Collecting rank-bm25
  Downloading rank_bm25-0.2.2-py3-none-any.whl.metadata (3.2 kB)
Downloading rank_bm25-0.2.2-py3-none-any.whl (8.6 kB)
Installing collected packages: rank-bm25
Successfully installed rank-bm25-0.2.2
Note: you may need to restart the kernel to use updated packages.

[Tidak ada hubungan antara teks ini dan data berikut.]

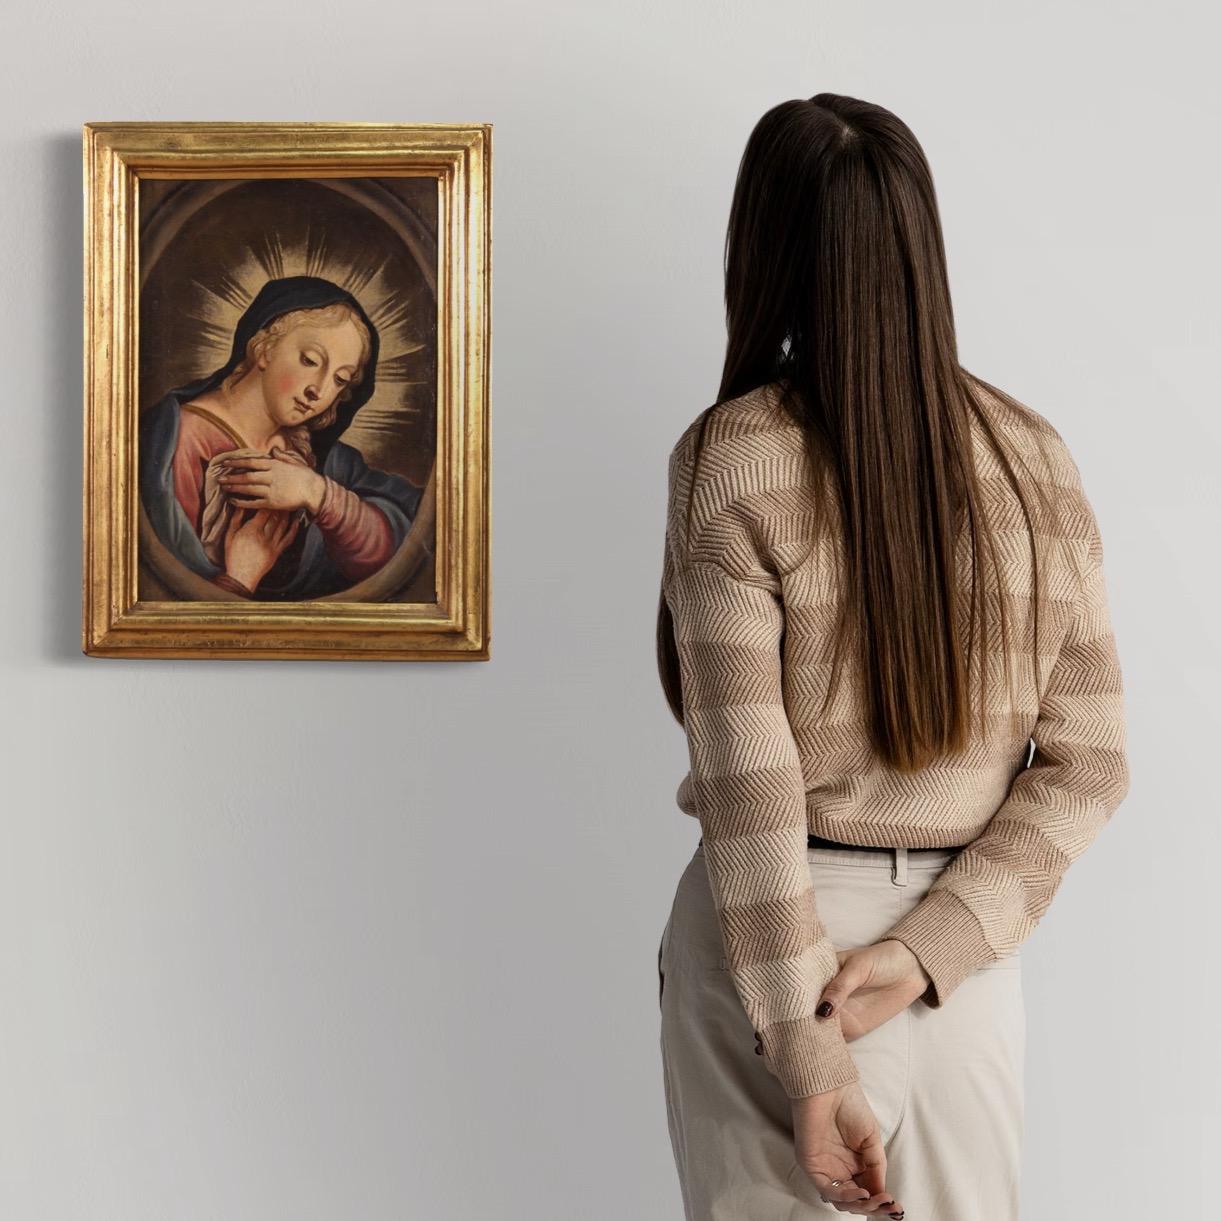 Antique Italian painting from the second half of the 18th century. Oil on canvas artwork depicting a religious subject, Madonna praying, of good pictorial quality. This is a very widespread iconography since the 17th century in private devotional

[notice] A new release of pip is available: 25.2 -> 25.3
[notice] To update, run: python.exe -m pip install --upgrade pip


In [None]:
import re
import pandas as pd
from rank_bm25 import BM25Okapi

# ========= KONFIG =========
CSV_PATH = "aksesoriWanita_enriched.csv"   # ganti sesuai file kamu
ENCODING = "utf-8"                         # kalau error coba "utf-8-sig"
TOPK = 20

# Kolom yang dipakai untuk membentuk dokumen (boleh kamu ubah)
TEXT_COLS = [
    "name",
    "category_breadcrumb",   # atau "categoryBreadcrumbs" / "category.breadcrumb"
    "shop_city"              # atau "shop.city"
]

# Kolom output yang mau ditampilkan
OUT_COLS = [
    "id", "name", "url",
    "category_breadcrumb",
    "price_number",
    "rating",
    "discountPercentage",
    "shop_id", "shop_name", "shop_city", "shop_tier"
]

# ========= UTIL =========
def safe_get_col(df: pd.DataFrame, col: str) -> pd.Series:
    """Ambil kolom kalau ada, kalau tidak ada buat kolom kosong."""
    if col in df.columns:
        return df[col].fillna("").astype(str)
    return pd.Series([""] * len(df))

def tokenize(text: str):
    text = text.lower()
    text = re.sub(r"[^a-z0-9\s]", " ", text)
    text = re.sub(r"\s+", " ", text).strip()
    return text.split()

def build_document(df: pd.DataFrame) -> pd.Series:
    parts = []
    for c in TEXT_COLS:
        parts.append(safe_get_col(df, c))
    doc = parts[0]
    for p in parts[1:]:
        doc = doc + " " + p
    return doc

# ========= LOAD =========
df = pd.read_csv(CSV_PATH, encoding=ENCODING)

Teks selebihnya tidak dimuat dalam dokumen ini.